Tout amateur de rock de rock disjoncté se souviendra des débuts discographiques de Royal Trux , fabuleux duo unissant Jennifer Herema et Neil Hagerty, en 1988. Dans la foulée de ce premier jet déjà génialement foutraque, d’autres albums suivront avant une séparation en 2000. 15 ans passent, la paire réinvestit les planches en 2015 et nous voilà, comble du bonheur et de la déviance sonore, avec ce nouvel opus appelé White stuff.
Ne nous méprenons pas, l’ordre n’est toujours pas de mise; il s’agit là d’un fatras jouissif, qui démarre sur un rock lo-fi aux mélodies bourrues et tordues (le titre éponyme). Royal Trux est intact, fort de ses excès et d’un esprit libre qui contourne les formats prédéfinis. Year of the dog, tout aussi rock et crade -ça tombe bien, Neil et Jennifer sont à leur affaire dans ce registre-, alliant les voix pour confirmer l’excellence du rendu. Celui-ci est minimal, de haut niveau, malpoli et dépoli. Purple audacity #2 se fait lui bluesy-psyché, sur un rythme plus indolent. Il a chez Royal Trux une sorte de sensualité boueuse, des sons vicelards, une approche, en fait, très personnelle. Suburban junkie lady, créé dans le même esprit lo-fi revendiqué, avec, toujours, la dualité de chants complémentaires, puis un Shoes and tags aux riffs secs, dont la formule évoque les Kills, achevant de faire de ce retour une réussite incontestable.

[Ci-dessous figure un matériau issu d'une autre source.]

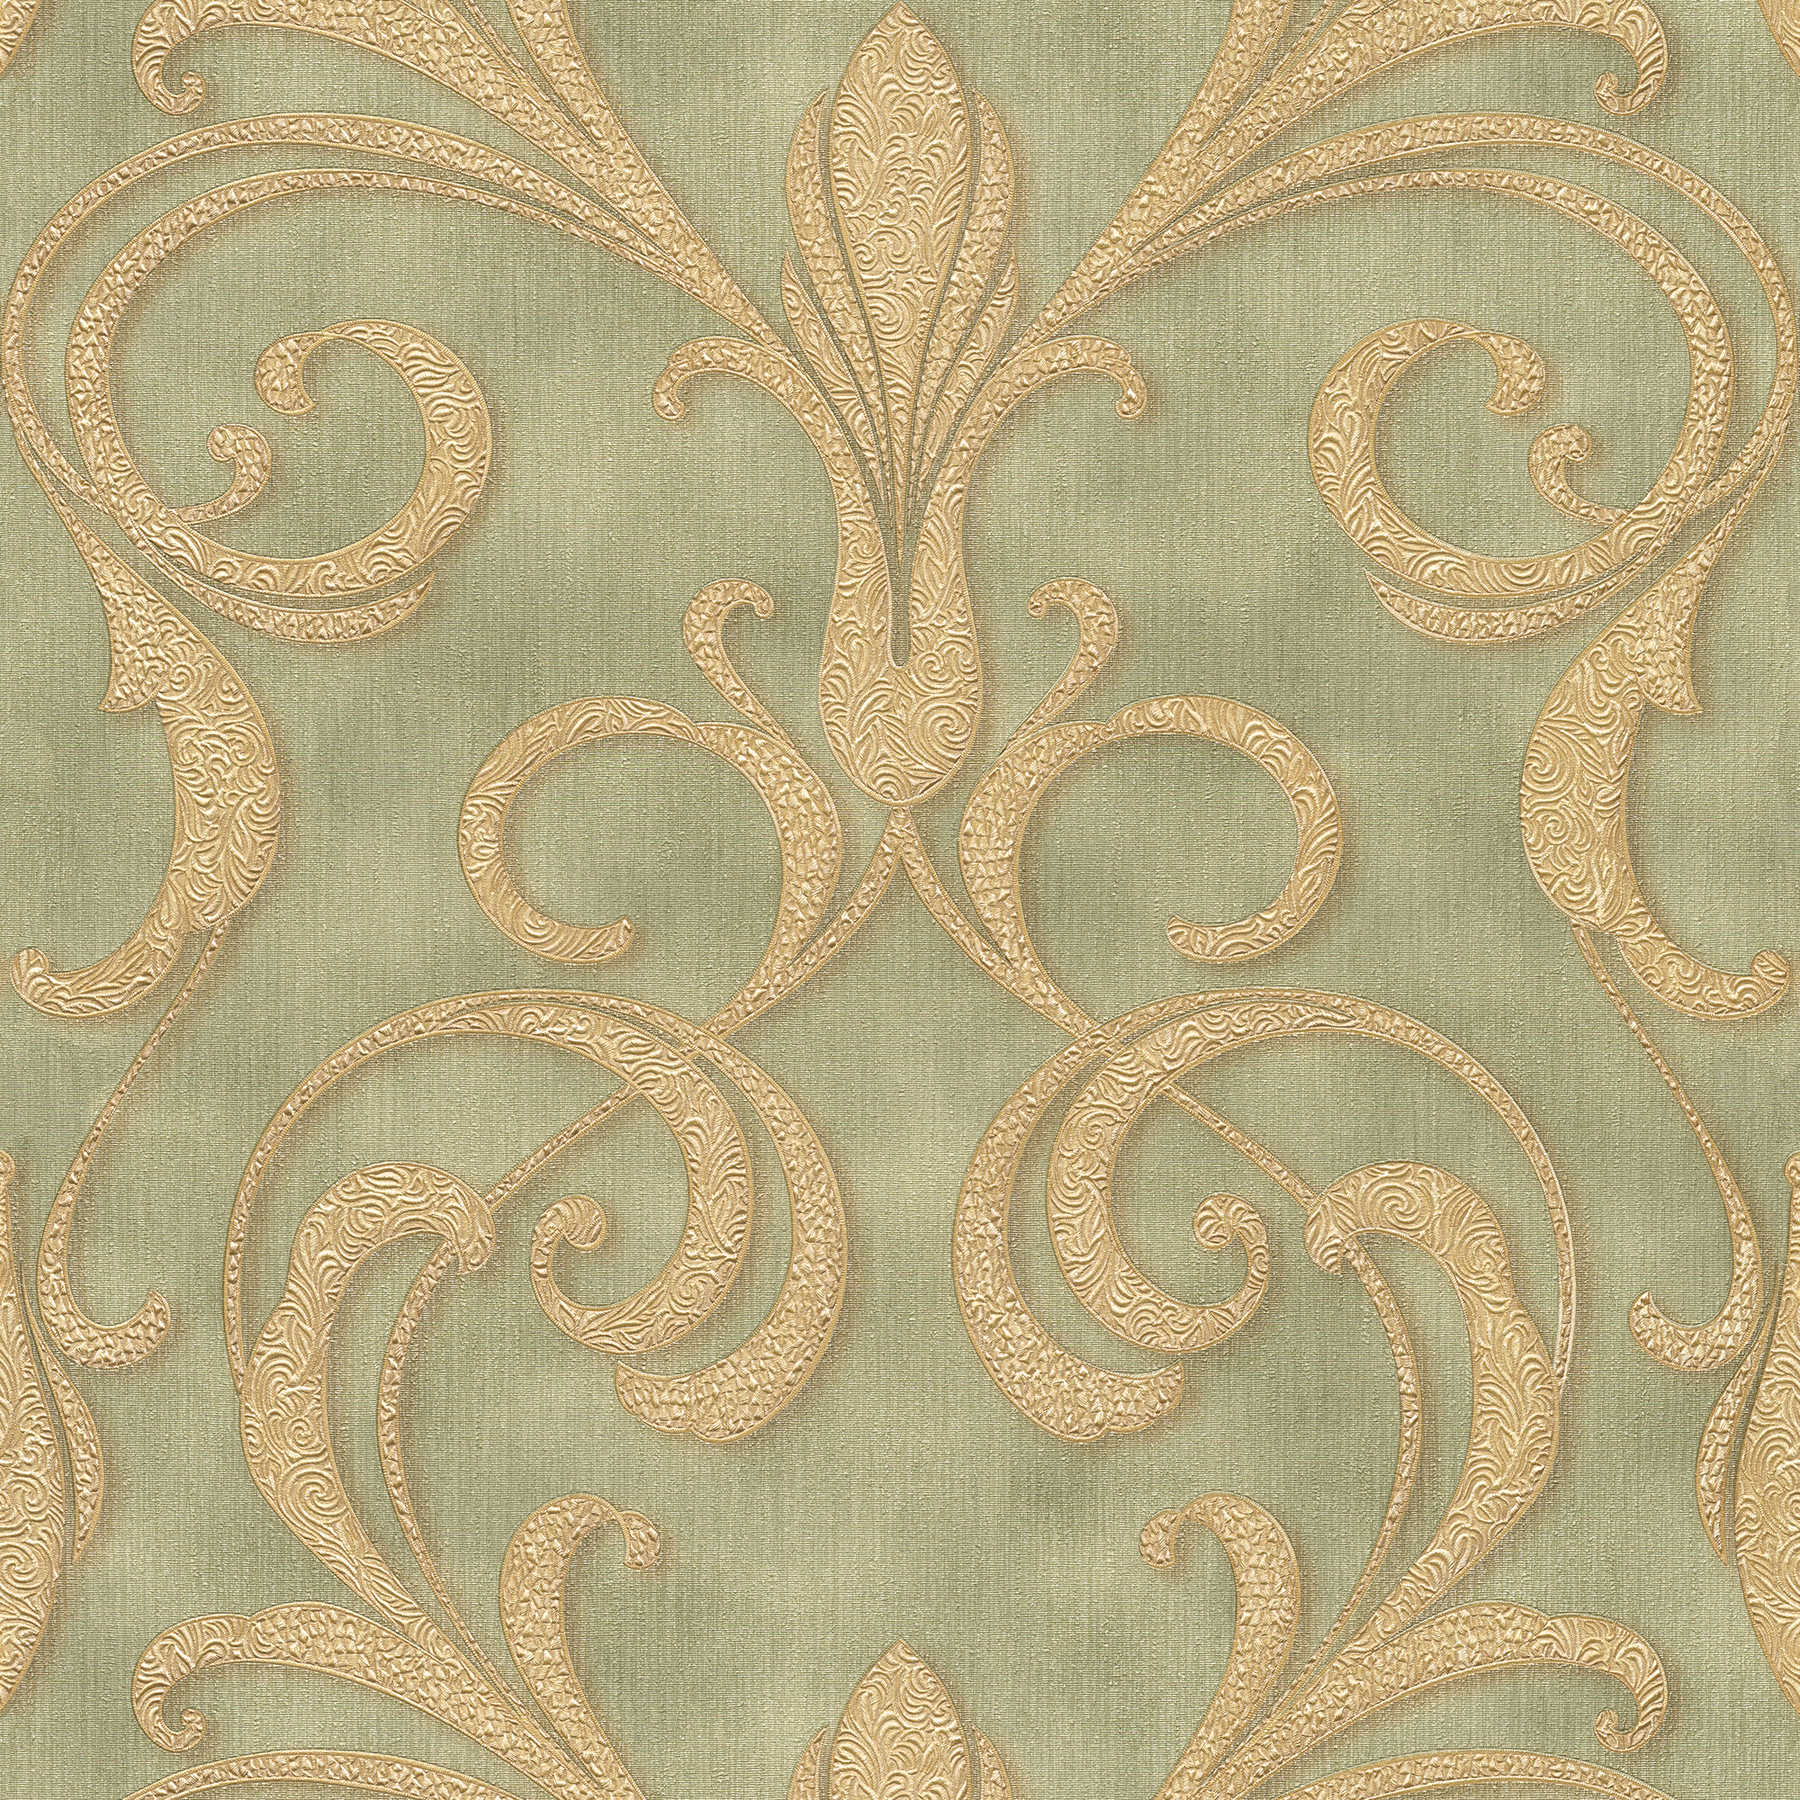 Ornament wallpaper filigree design - green, metallic

Les sons crissent, le contenu est débraillé et vaporeux. Get used to this convoque électro et phrasé hip-hop, on jongle avec les genres et on est loin, bien loin d’échouer dans la démarche. Sic em slow vire funky, on reste dans le rock aussi génial qu’hasardeux, aventureux. Il s’écoute fort, à l’image de l’appuyé Every day swan qui s’ajoute à la liste des morceaux imparables. Whopper Dave, plus lourd (dans le tempo), plaçant lui ses parties triturées, massives aussi, avec maestria.
Après tout ceci, l’enchainement de fin livre tout d’abord Purple audacity #1, psycho-sonique, qui tout en étant moins soutenu que la plupart des autres titres, étire la palette déjà sans chaines du groupe. La conclusion se faisant alors au son d’ Under ice, aux mélodies exaltantes passées au filtre lo-fi, évidemment. Royal.